Usefulness of Geometry Instancing

This topic is 4049 days old which is more than the 365 day threshold we allow for new replies. Please post a new topic.

If you intended to correct an error in the post then please contact us.

Recommended Posts

So far, I lived under assumption that Geometry Instancing saves number of DIP calls and abuse of vertex-shader units through some intelligent HW that knows which parts of VS should be reexecuted per given instance, thus raising the maximum vertex-throughput. But I just read this old paper (http://download.nvidia.com/developer/presentations/2004/6800_Leagues/6800_Leagues_SM3_Best_Practices.pdf) and it seems that the only performance benefit comes from savings in CPU overhead of DIP calls. Who would be so stupid that would be rendering a forest through 10.000 DIP calls anyway ? I mean, everybody is batching some-how. Thus, if your current system renders the items through up to 10 calls, there`s no performance reason to switch it to instancing, if memory is not an issue. And memory can`t be an issue, since even if your Vertex Buffer would contain 100.000 vertices, a separate stream containg indices to constant buffer (holding per-instance data) would be less than 0.4 MB. In fact, it might be a little bit slower, since there`s a fixed overhead when using instancing. So, instancing seems to be usefull only for cases, when one is lazy or must code a rendering routine of some huge crowd within 2 hours and has no time for optimizations. Which would be ridiculous, but that`s how it seems to be, since if instancing doesn`t save you from vertex-transforms, you could easily batch it yourself anyway. Am I therefore right, that each vertex of each instance goes through a vertex shader anyway ?

Share this post


Link to post
Share on other sites
Advertisement
Yes, every vertex of each instance goes through the vertex shader, the benefit of instancing is not to do with saving vertex shader work (which is rarely a bottleneck anyway).

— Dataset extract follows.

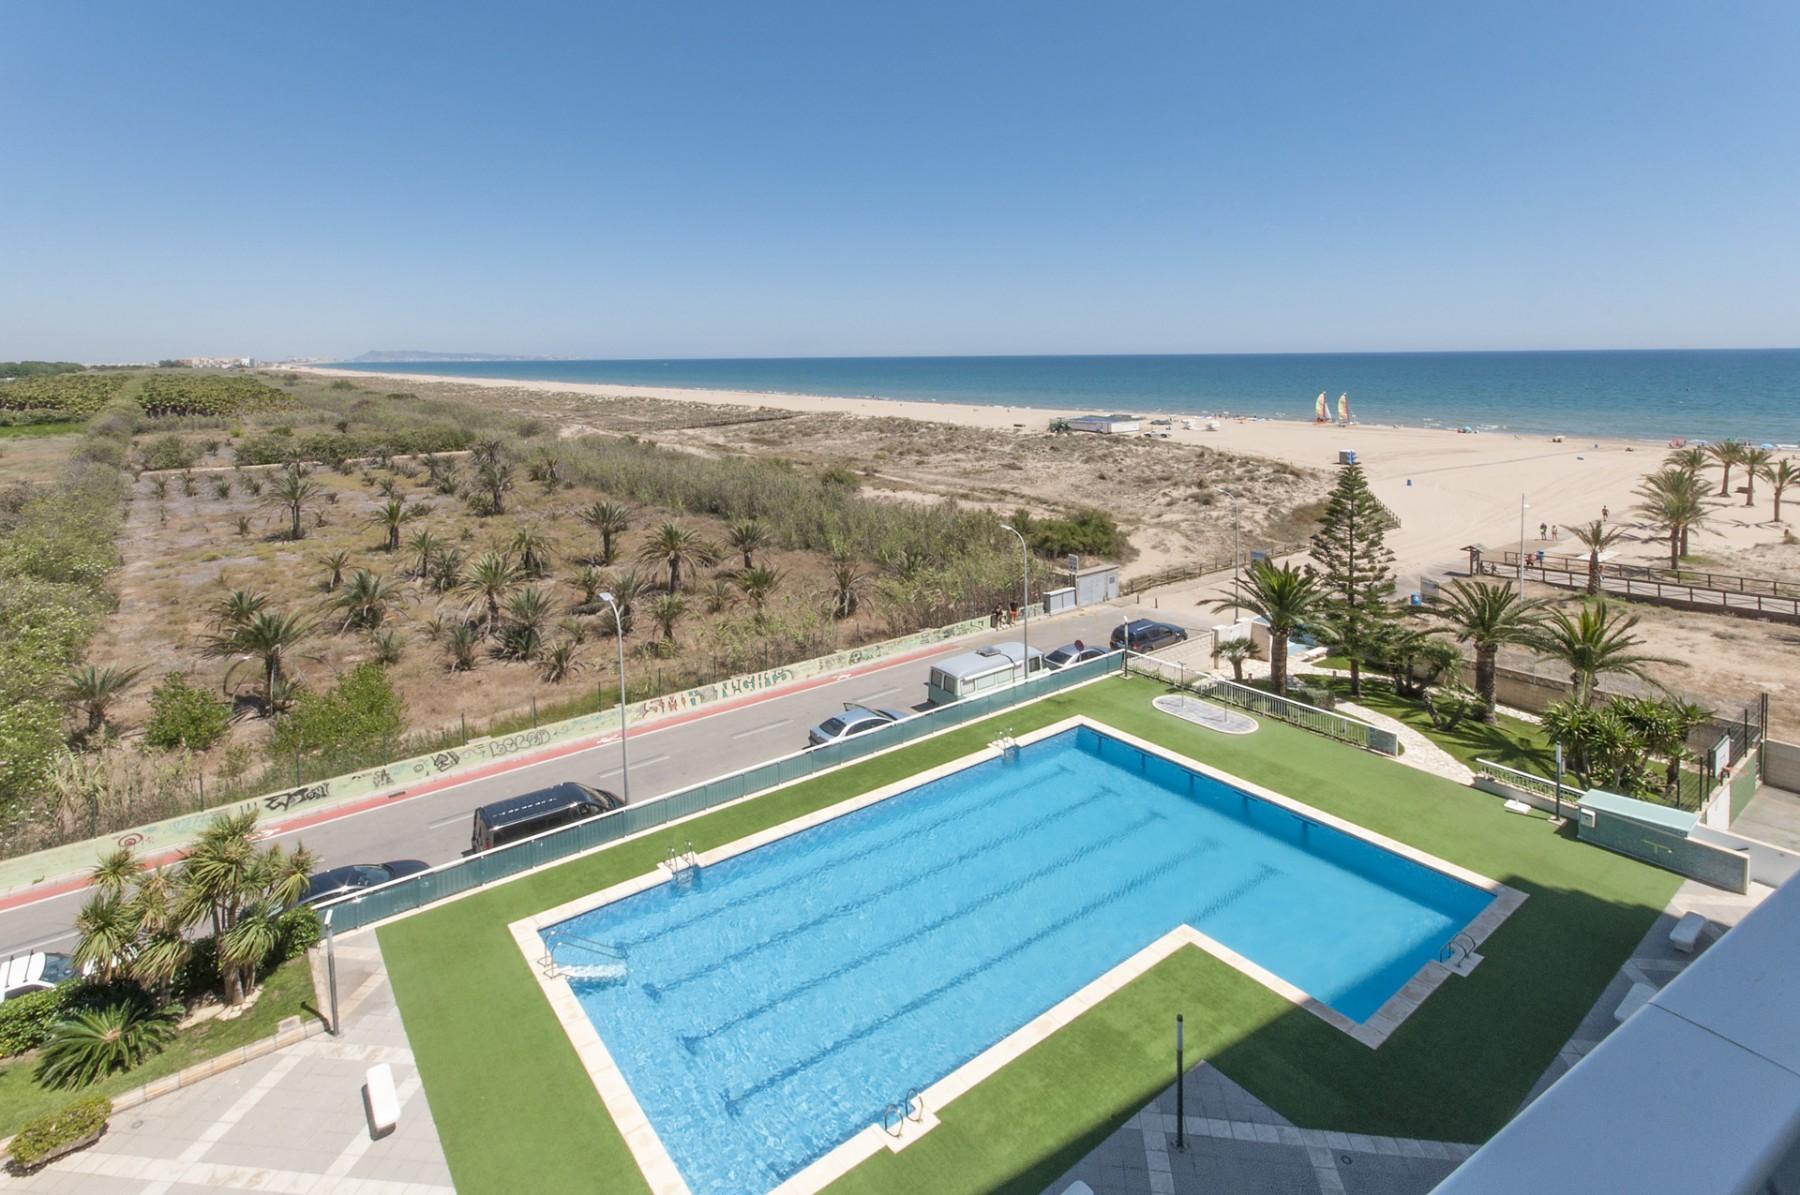 Apartamentos playa de gandia alquiler de apartamentos en - Apartamentos baratos vacaciones playa ...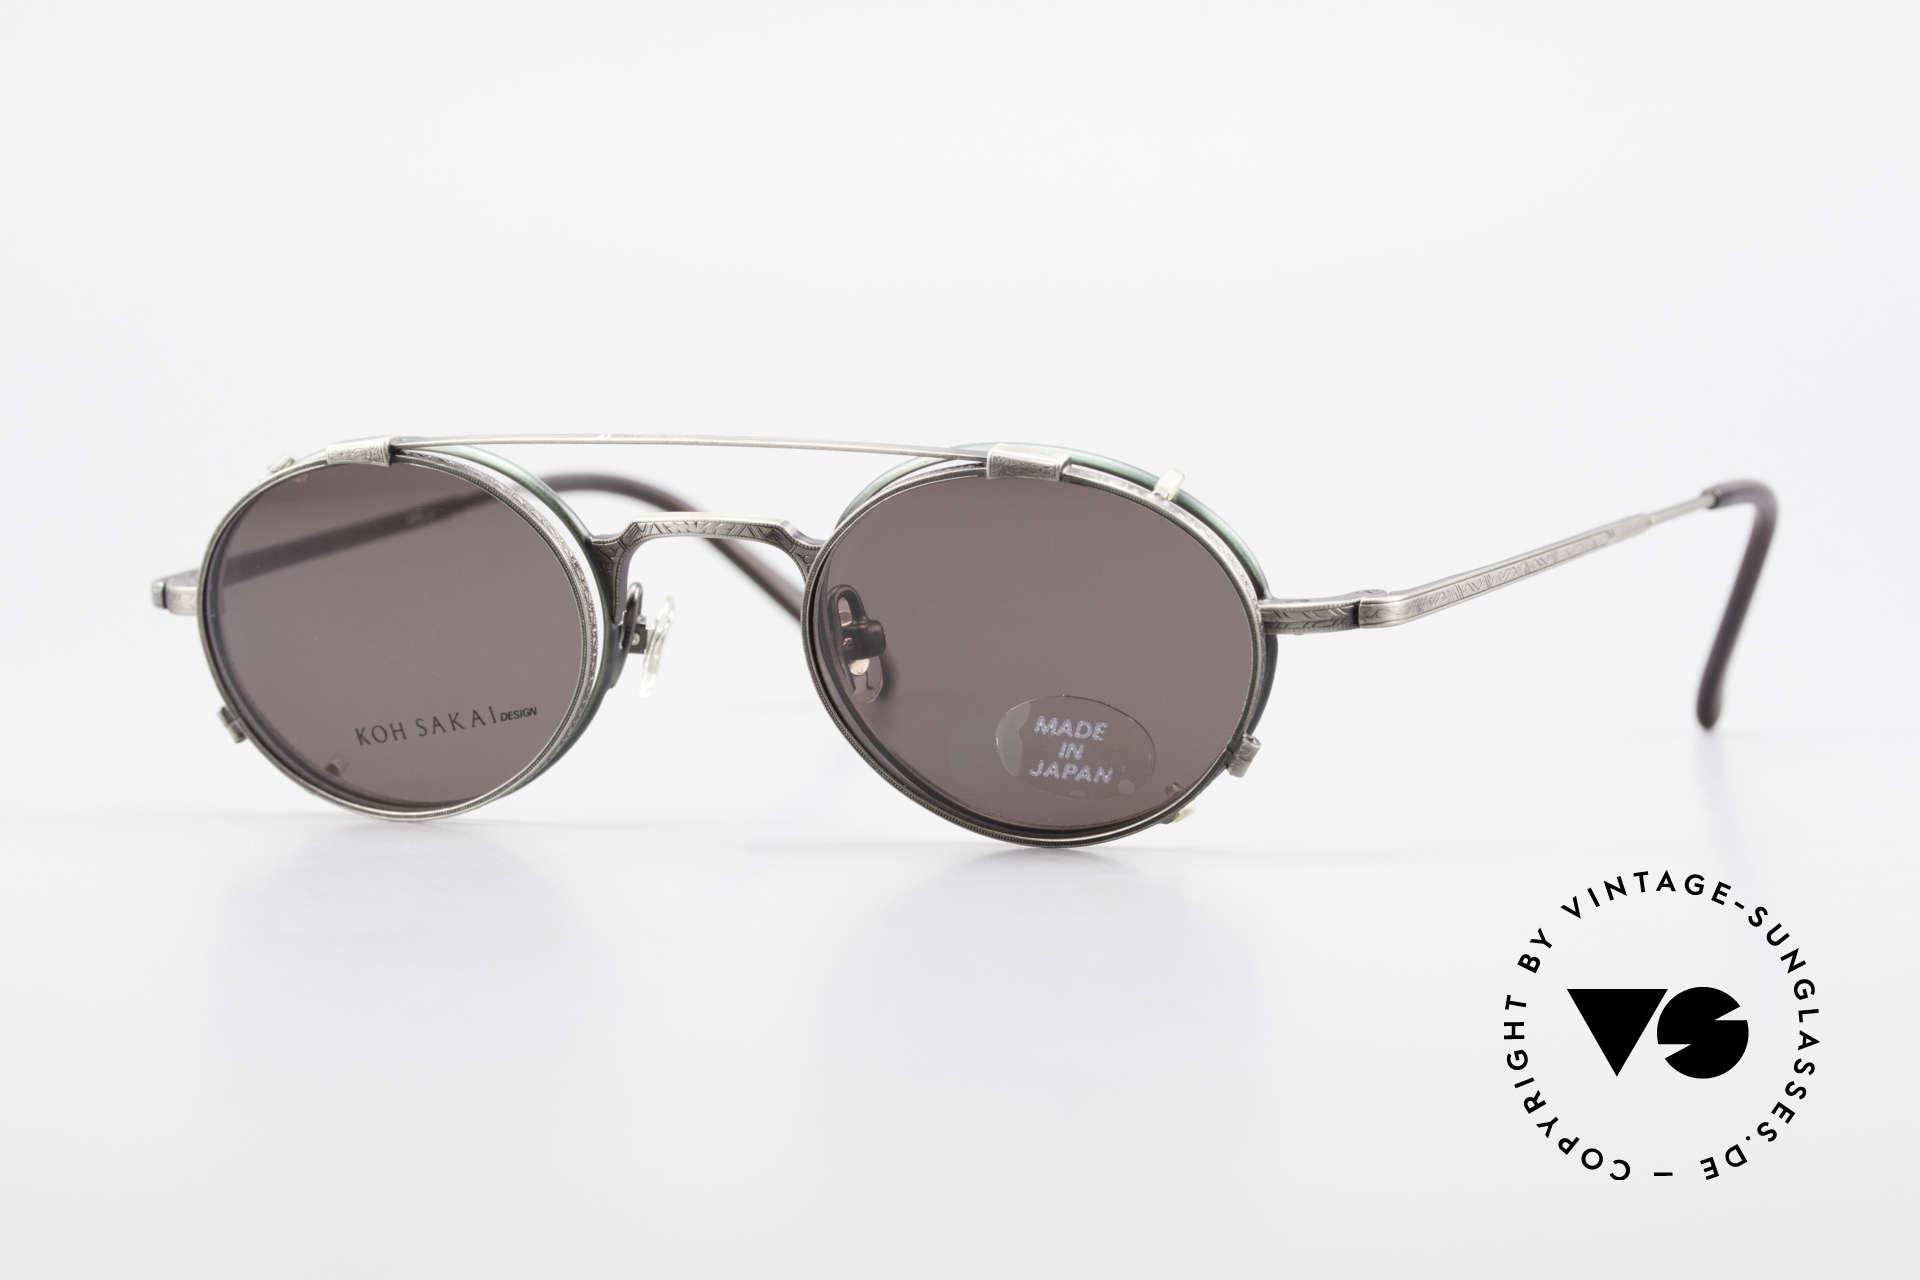 Koh Sakai KS9301 90s Oliver Peoples Eyevan Style, rare, vintage Koh Sakai glasses with clip-on from 1997, Made for Men

The benefit of instancing is that it lets you advance through different vertex streams with different frequencies and it lets you loop over the same vertex data more than once. This allows you to draw the same model multiple times in a single draw call with different positions with only a single copy of the vertex data, a single copy of the index data and an additional stream containing one copy of each instance's transform. Without instancing you have to have to have multiple copies of your vertex and index data which wastes memory.

Share this post


Link to post
Share on other sites
Having multiple copies of the data not only wastes memory, it wastes bandwidth and cache usage as well, which can be pretty significant. Since instancing is practically just a "mod" in the input assembler hardware, it's fairly obvious why this functionality is useful :)

Share this post


Link to post
Share on other sites
Quote:
Original post by mattnewport
the benefit of instancing is not to do with saving vertex shader work (which is rarely a bottleneck anyway).
Well, I personally lean to using as many triangles as possible - usually about 500.000 per scene since that`s smooth even on extreme low-end cards (e.g. GF6600). I wanted to implement a fully-polygonal blades of grass, for which I need at least another 500.000 triangles (i.e. over 1M tris per frame) for immediate surroundings of the player (that`s including 5 LODs).
I hoped that instancing shall off-load VS pipes and that the number shall be at least doubled until I read that above paper and realized that its purpose is completely different. Thus, there`s no way around the maximum vertex throughput that the card is physically capable (based on number of VS pipes and clock frequency).

Quote:
Original post by mattnewport
Without instancing you have to have to have multiple copies of your vertex and index data which wastes memory.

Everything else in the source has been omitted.